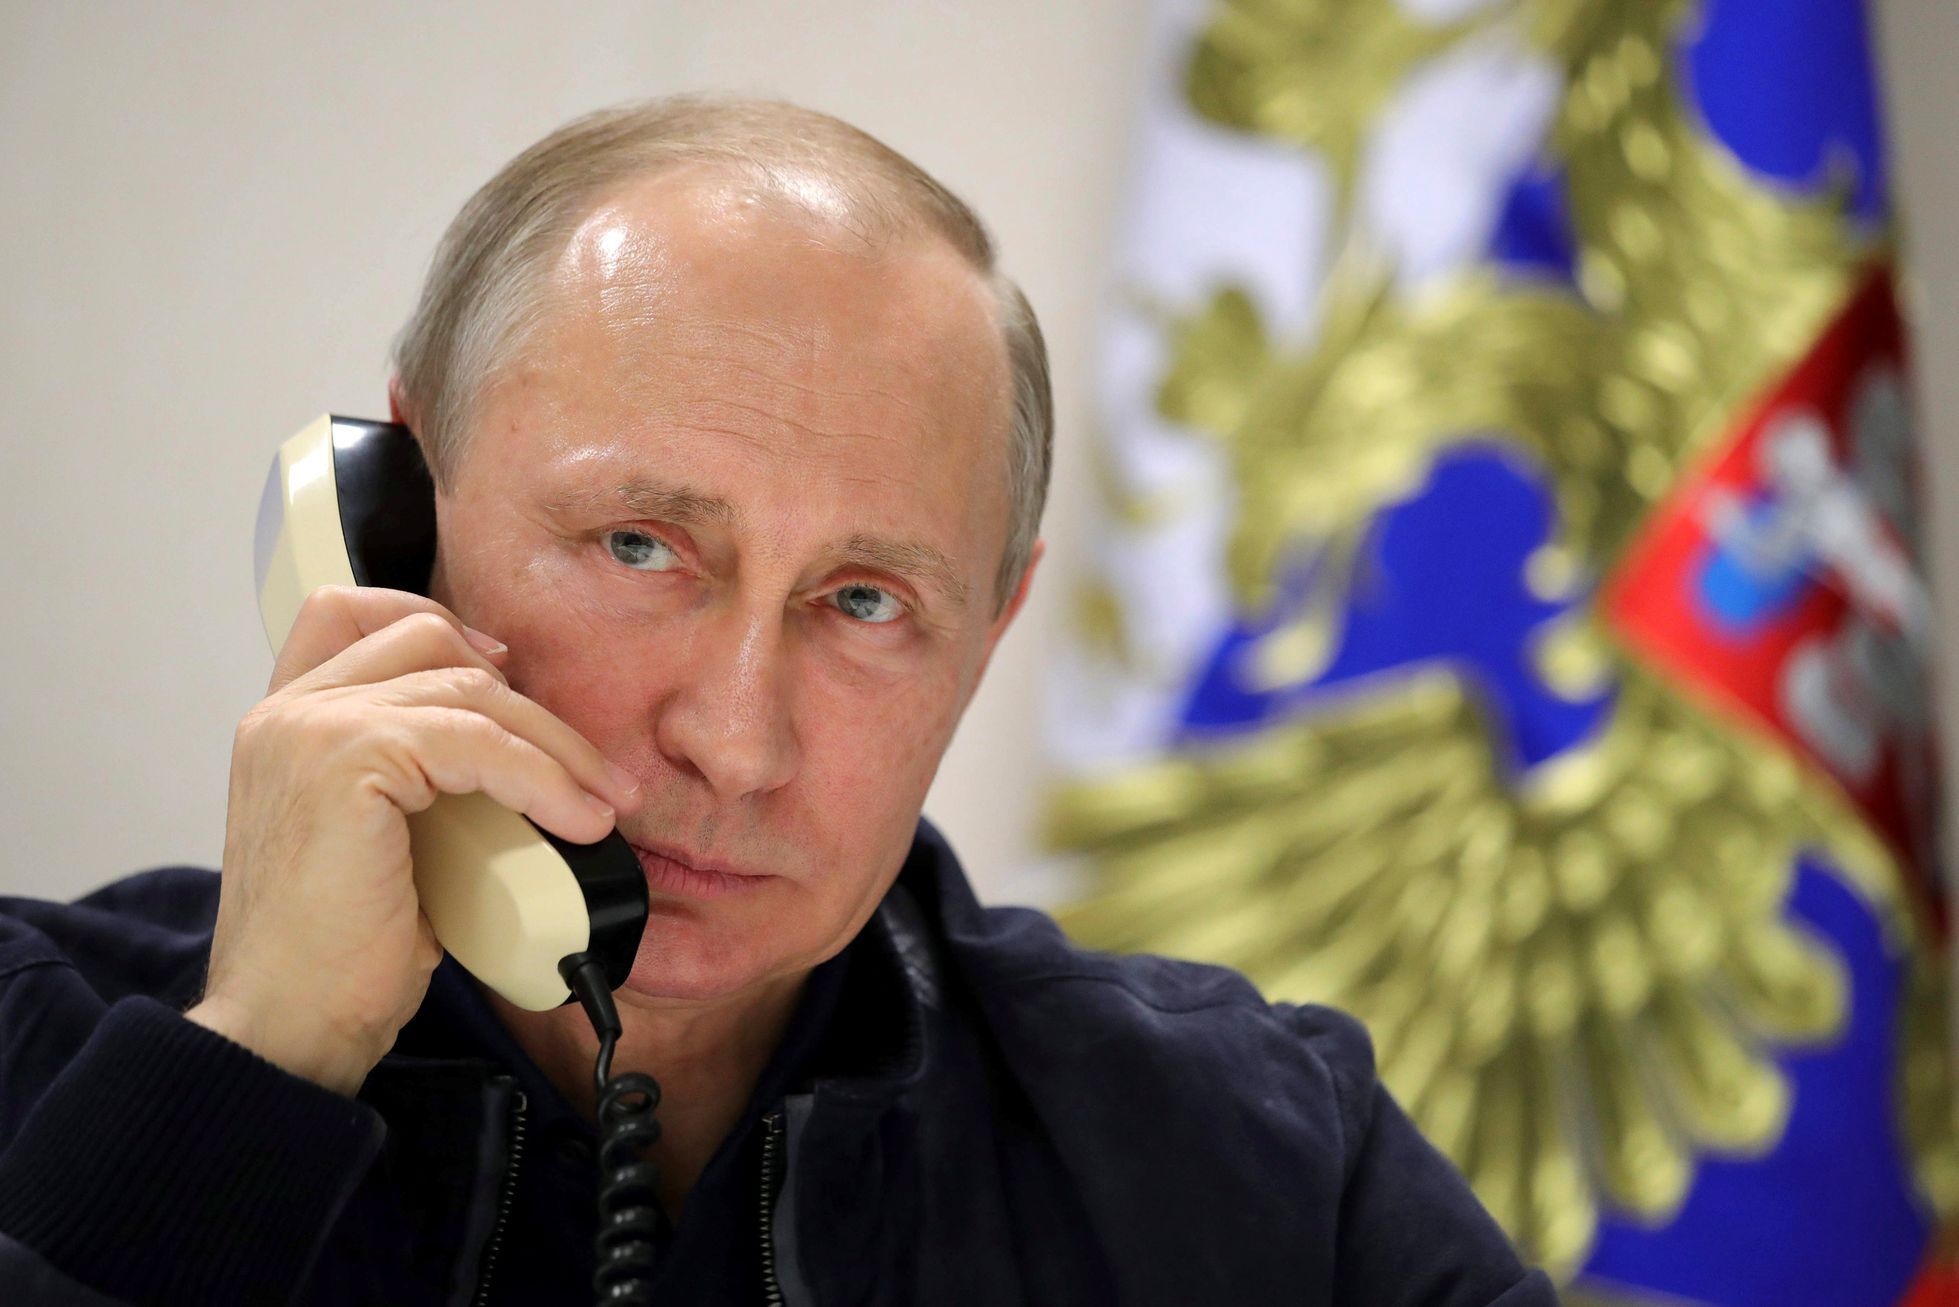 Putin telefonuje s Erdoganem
--
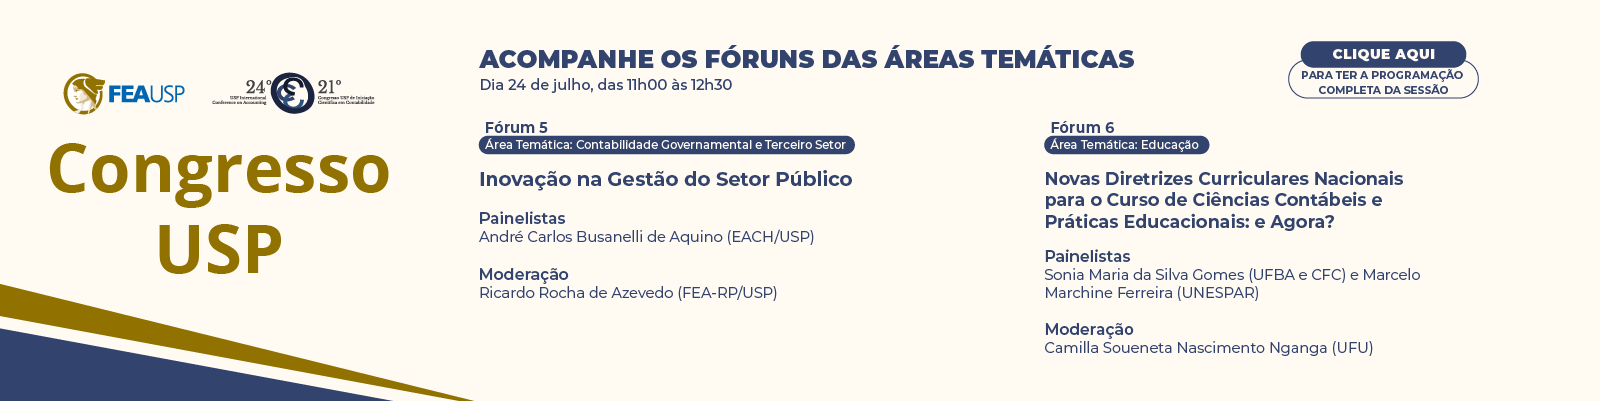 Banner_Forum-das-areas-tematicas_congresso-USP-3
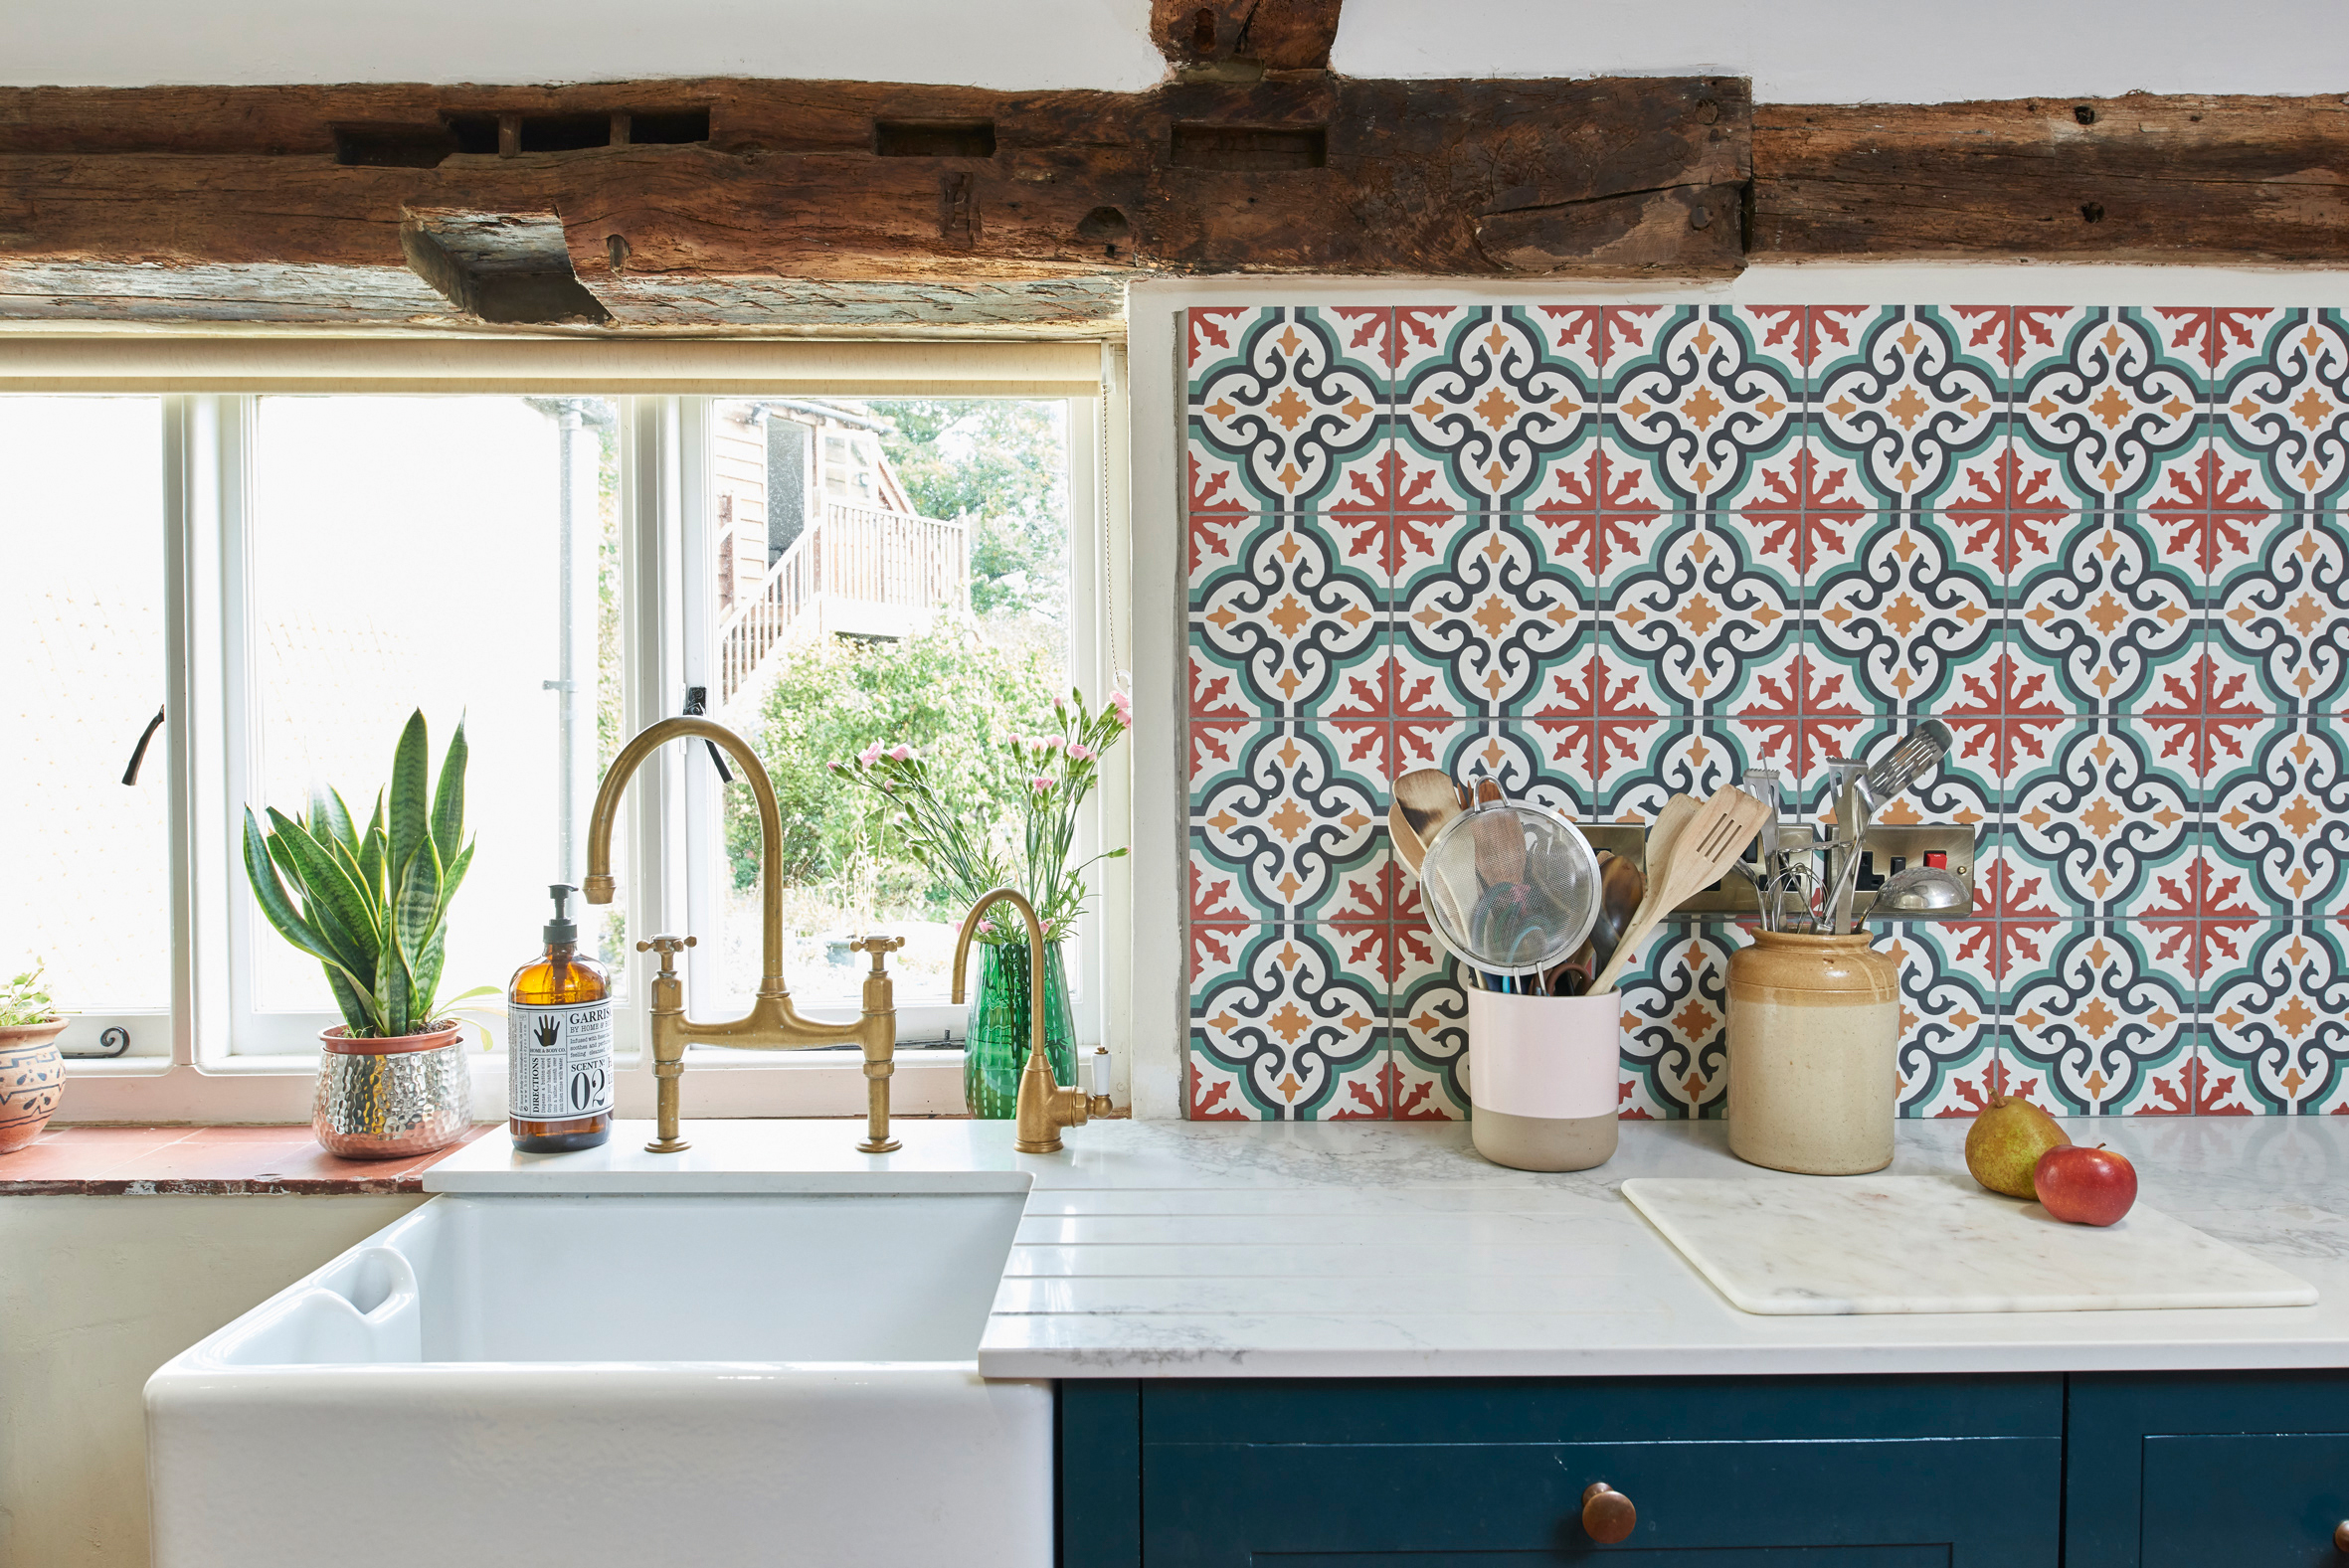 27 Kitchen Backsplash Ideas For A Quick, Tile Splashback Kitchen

PROBLEM DESCRIPTION :: The copy should hold only the lines from the one with "Banner_Forum-das-areas-tematicas_congresso-USP-3" through the one with "27 Kitchen Backsplash", exactly as they stand above. Leave out the pictures.

RESULT BELOW ::
 Banner_Forum-das-areas-tematicas_congresso-USP-3
 27 Kitchen Backsplash Ideas For A Quick, Tile Splashback Kitchen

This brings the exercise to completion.